Bahattin Yücel

Bahattin Yücel

Yangından ders çıkarmak

Türkiye’nin doğal güzellikleri bir hafta içerisinde söndürülemeyen orman yangınları yüzünden, yok oluyor. Küresel ısınma nedeniyle Dünyanın çok uzak bölgelerinde gündemde olan yangın, yılın en sıcak ve kuru döneminde Türkiye’yi de etkisi altına aldı.
Muhalefetin yerel seçimlerde elde ettiği başarının ardından, elindeki bütün olanakları CHP’li belediyeleri başarısızlığa uğratmak amacıyla seferber eden AKP, bu kez beceriksiz tutumuyla en güzel kıyılarımızı kavuran, acımasız alevleri söndüremedi. Eldeki geçmiş yangınlara ilişkin veriler dikkatle incelense, küresel ısınma etkisi hesaba katılsaydı, yeterli önlemler alınarak yangının bu çapta yayılması rahatlıkla önlenebilecekti.
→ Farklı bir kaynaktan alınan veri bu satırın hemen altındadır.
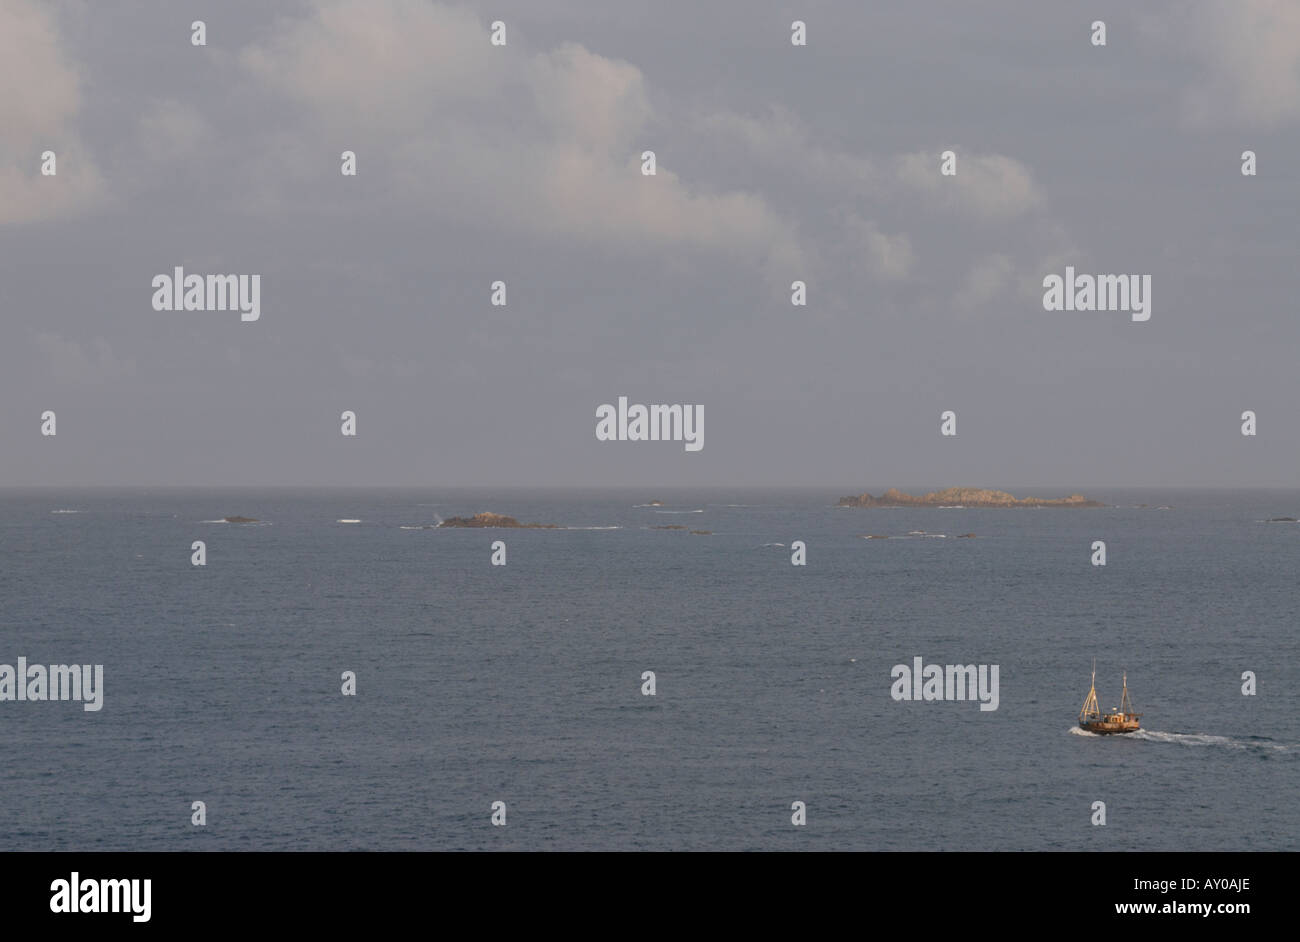 Un bateau de pêche se met en route de St Mary s vers un ciel orageux gris Banque D'Images

Kamuoyunda süren yangın tartışmalarının odağında, THK uçaklarının kullanılmayışı ve Orman Bakanlığının donanım yetersizliği ilk sıralardaki yerini koruyor. Aslında büyüyen alevleri söndürmeden önce yapılması gereken, bilim ve aklın ışığında tasarlanması zorunlu basit önlemler de var. Örneğin ısı yükselmeleri ve poyraz estiği dönemlerde, ormanlara giriş ve çıkışların çok sıkı denetim altına alınması gibi. Elektrik iletim hatları ve trafoların ormanlık alanların dışına çıkarılması gibi.
Bu tür yaklaşımların devasa bütçelere ihtiyaç göstermeyeceği de ortada. Hava Kuvvetleri ve Kara Kuvvetleri keşif uçaklarının, Deniz Kuvvetleri karakol uçaklarının, kritik dönemlerde sürekli gözlem yapmaları pekâlâ mümkün. Yere göğe sığdıramadığımız İHA’ların kullanılmaları da öyle.
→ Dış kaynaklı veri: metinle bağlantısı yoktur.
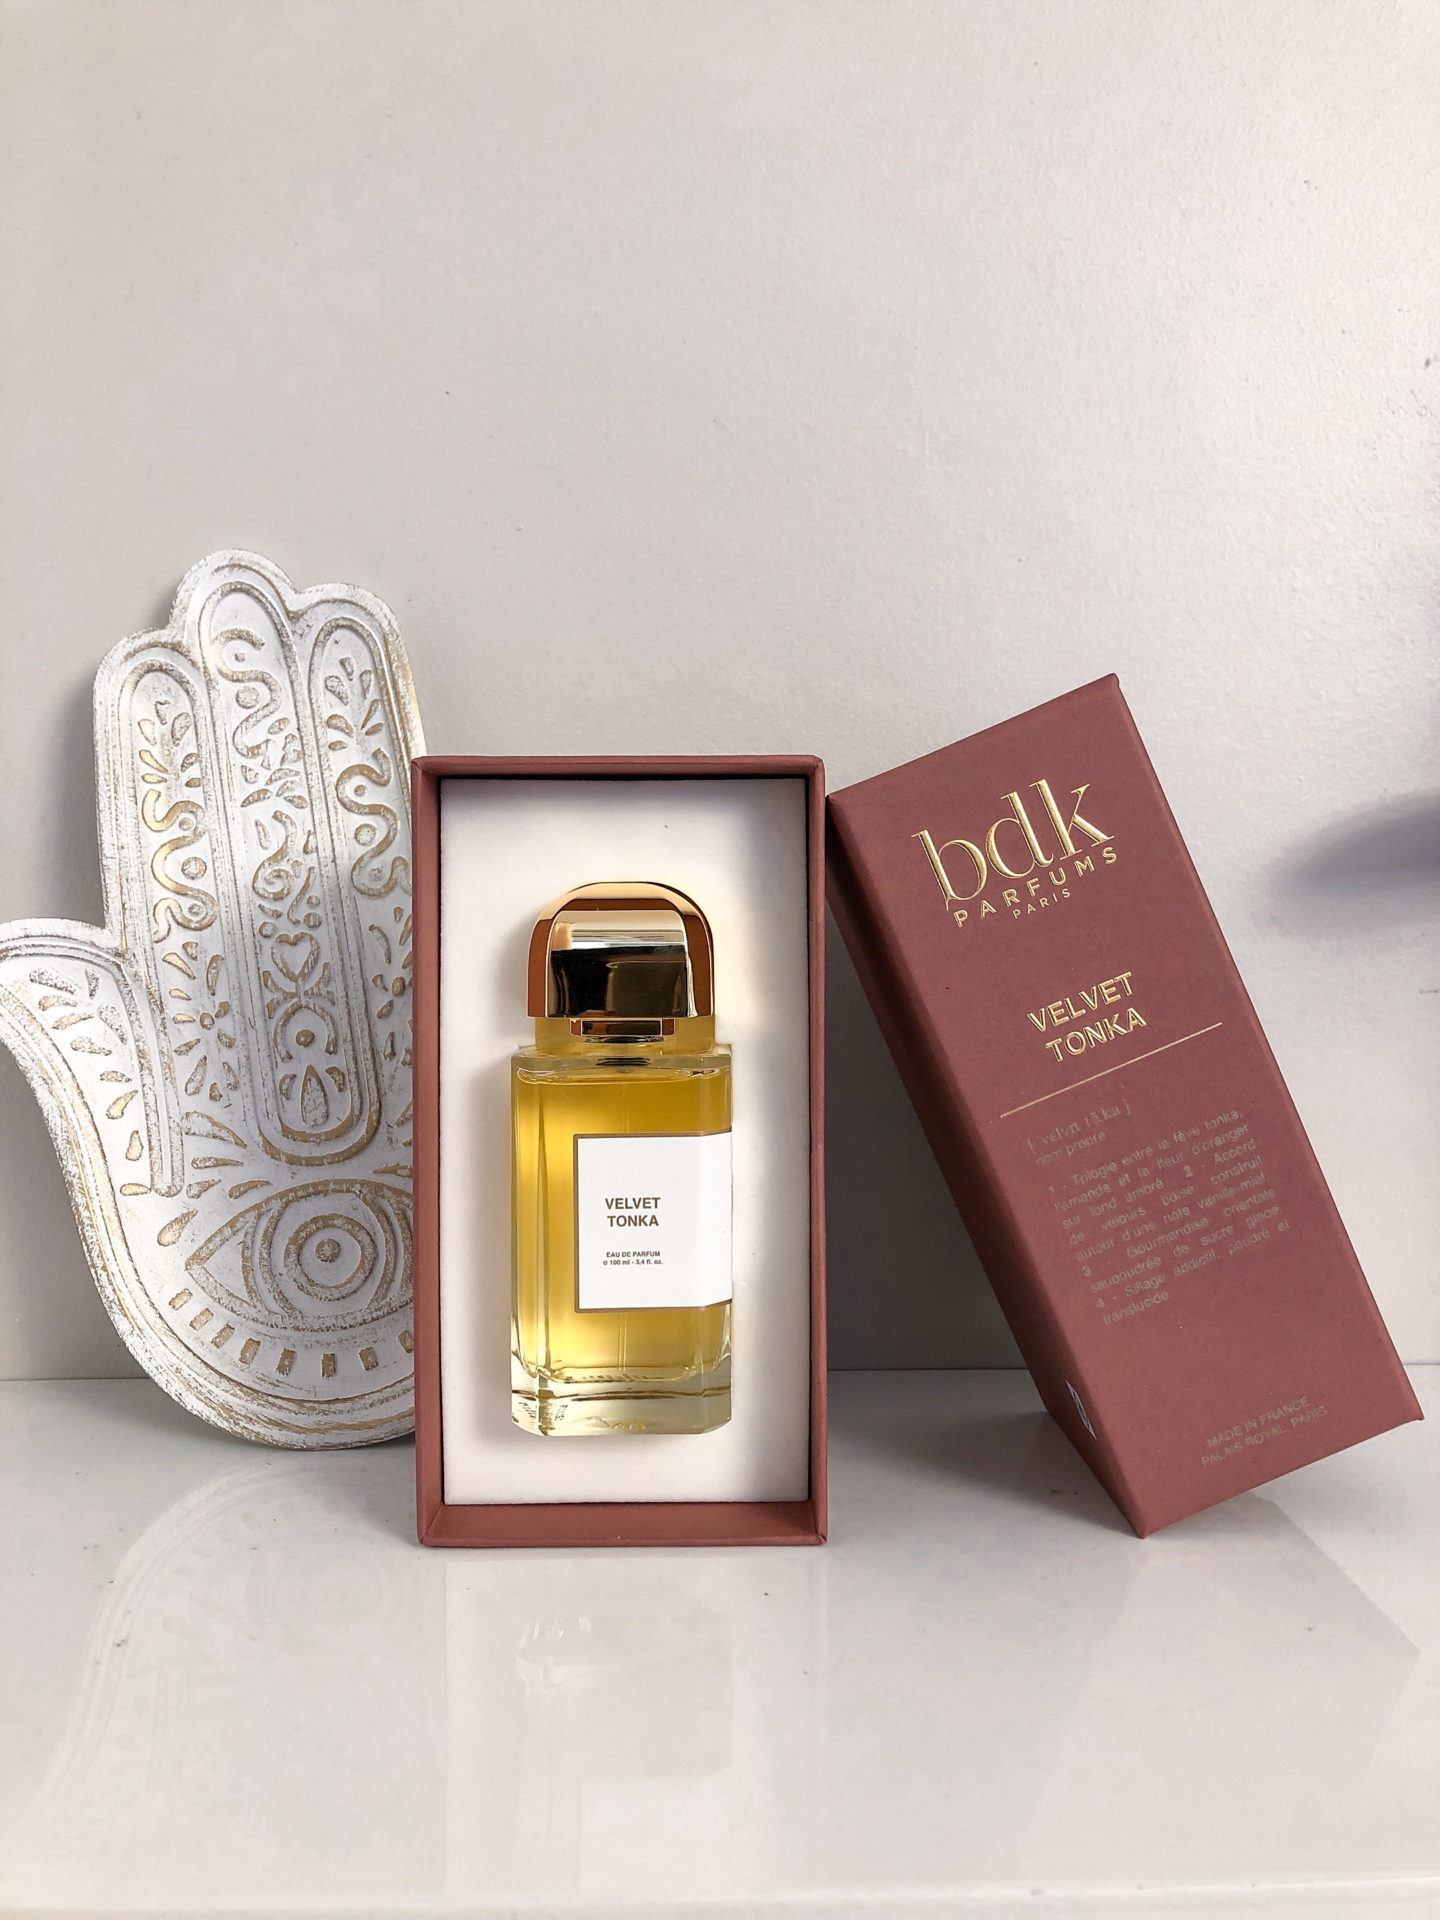 bdk parfums velvet tonka fragrance paris 02

THK’nın devre dışı bırakılan uçakları, yangının bu denli zarara yol açmasının tek başına nedeni değil. Ancak AKP’nin yönetim anlayışının ülkenin başına gelebilecek felaketleri önleyemeyeceğinin en somut göstergesi.
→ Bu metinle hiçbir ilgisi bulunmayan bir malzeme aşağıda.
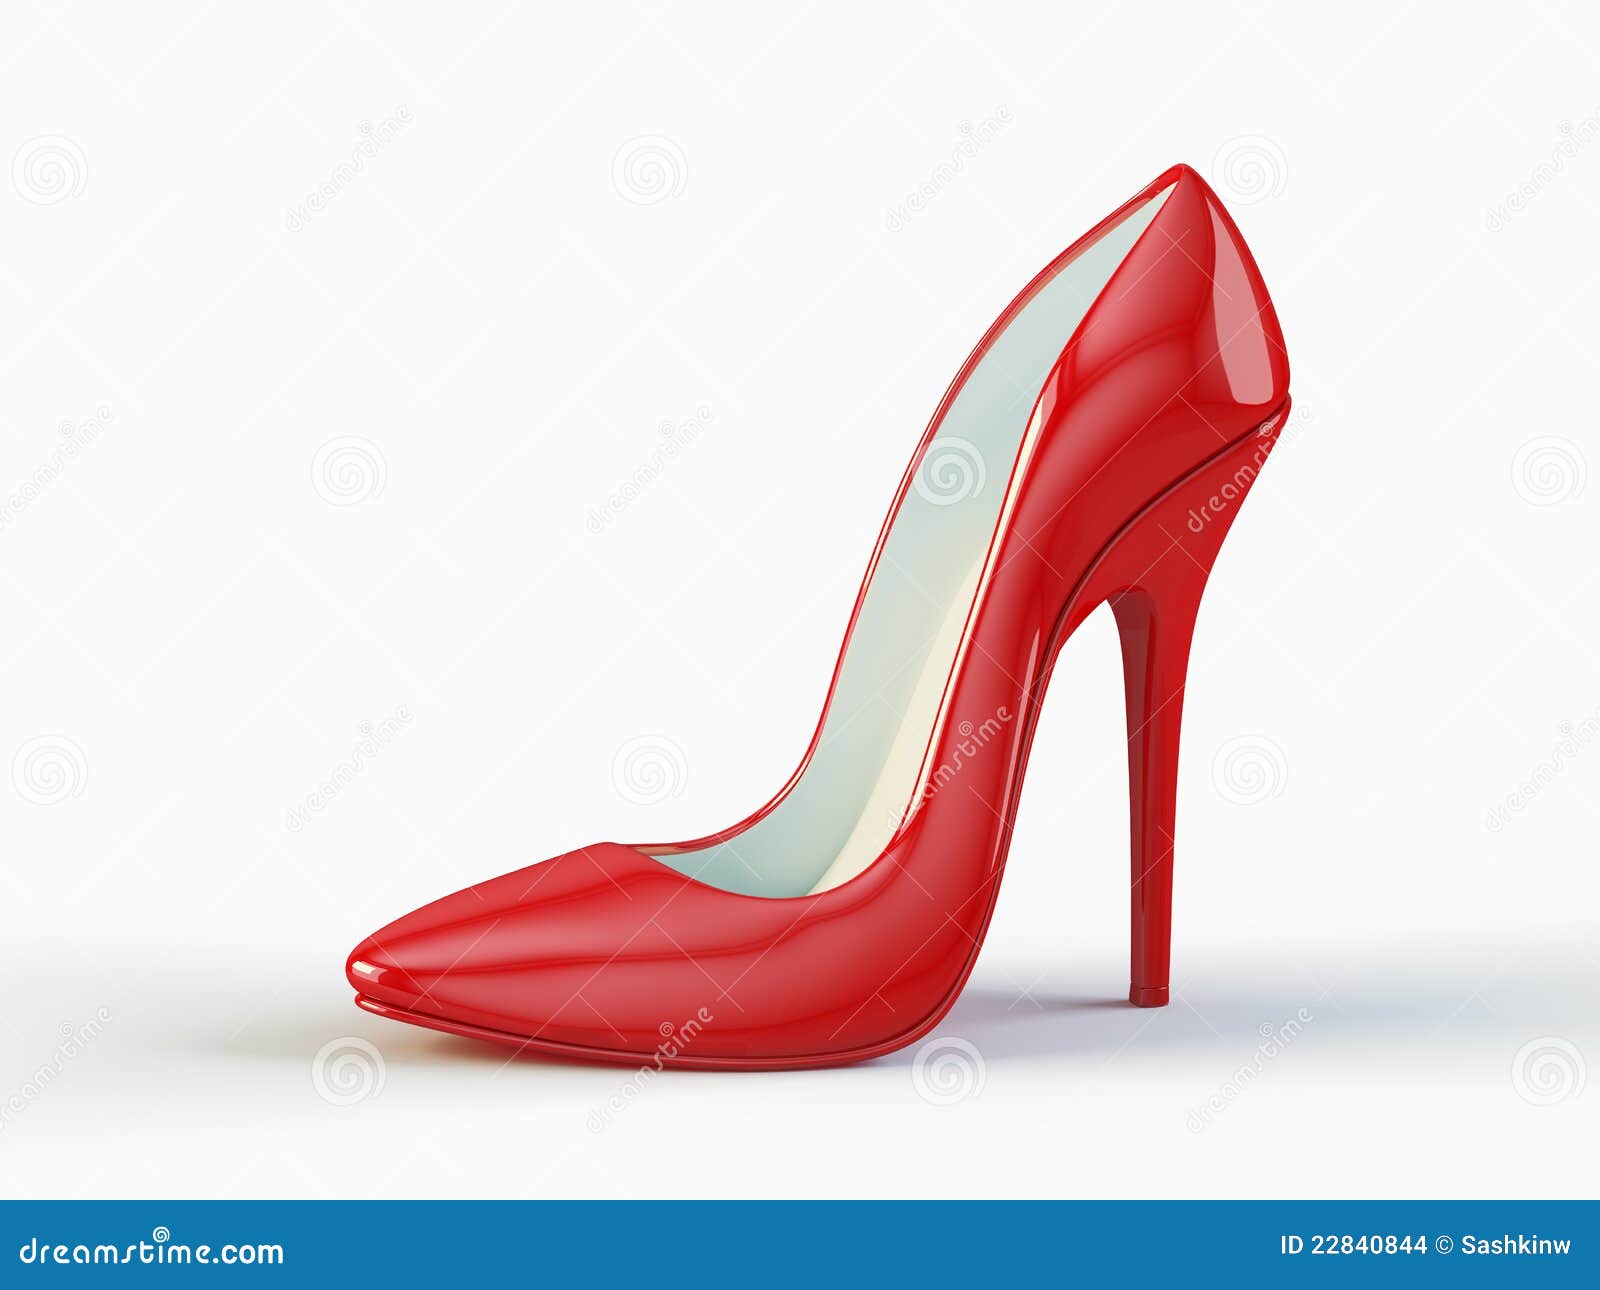 Chaussure Rouge De Haut Talon Images stock - Image: 22840844

Yıllar önce -iktidarının ilk döneminde- Pamukova’daki “hızlandırılmış tren faciası”yla başlayan, AKP’nin kriz karşısındaki çaresizliği, geçtiğimiz hafta Manavgat çevresindeki ormanları ve Güney Ege’deki kıyılarımızın cehenneme dönüşmesine yol açtı.
Şimdi ilk yapılması gereken; yangınların nedenlerini titizlikle ortaya çıkararak, yapılaşmayı en aza indirmek, yanan sahalara en az 5 yıl süreyle mümkünse hiçbir canlının ayak basmamasını sağlamak olmalıdır. Ayrıntıya girmeden söylersek; geleceği tasarlamaktır.
Büyük ölçüde kızılçam ağaçlarından oluşan yangın alanlarında, bu bitkinin kendi soyunu koruyan mutasyonu; bilimsel yaklaşılırsa kaybettiğimiz bölgelerin en azından gelecek kuşaklara miras kalmasını sağlayacaktır.
Sonuç vermeyecek polemikler yerine, bir kez daha böyle bir felaket yaşanmasını önlemek için eldeki imkanlarla, yapılabilecekleri tartışmak en sağlıklı yöntemdir.
Yeni yapılanma modelleri ve yararı olmayan örgütlenmeler yerine, TSK bünyesindeki hava ve arama kurtarma unsurlarını yangın için takviye etmek, yerel yönetimlerin yetki ve sorumluluk almalarını sağlamak, düşük maliyetli ve sonuç alınabilecek çözümlerdir.
Bu süreçte başta Marmaris olmak üzere yangın bölgelerinde ormanları ve yanan canlıları kurtarmak amacıyla hızla bir araya gelen gönüllüler ders çıkarılması gereken örnek davranışlarda bulundular.
Neredeyse iktidar tarafından yangına müdahale etmeleri engellenen, CHP’li belediyelerin başkanlarının çabalarını da ayrıca kutlamalıyız.
Ve unutmamalıyız; Türkiye’nin bu sorunların üstesinde gelecek deneyimli ve eğitimli kadroları vardır. Son felaketten ders çıkarabilirsek elbette.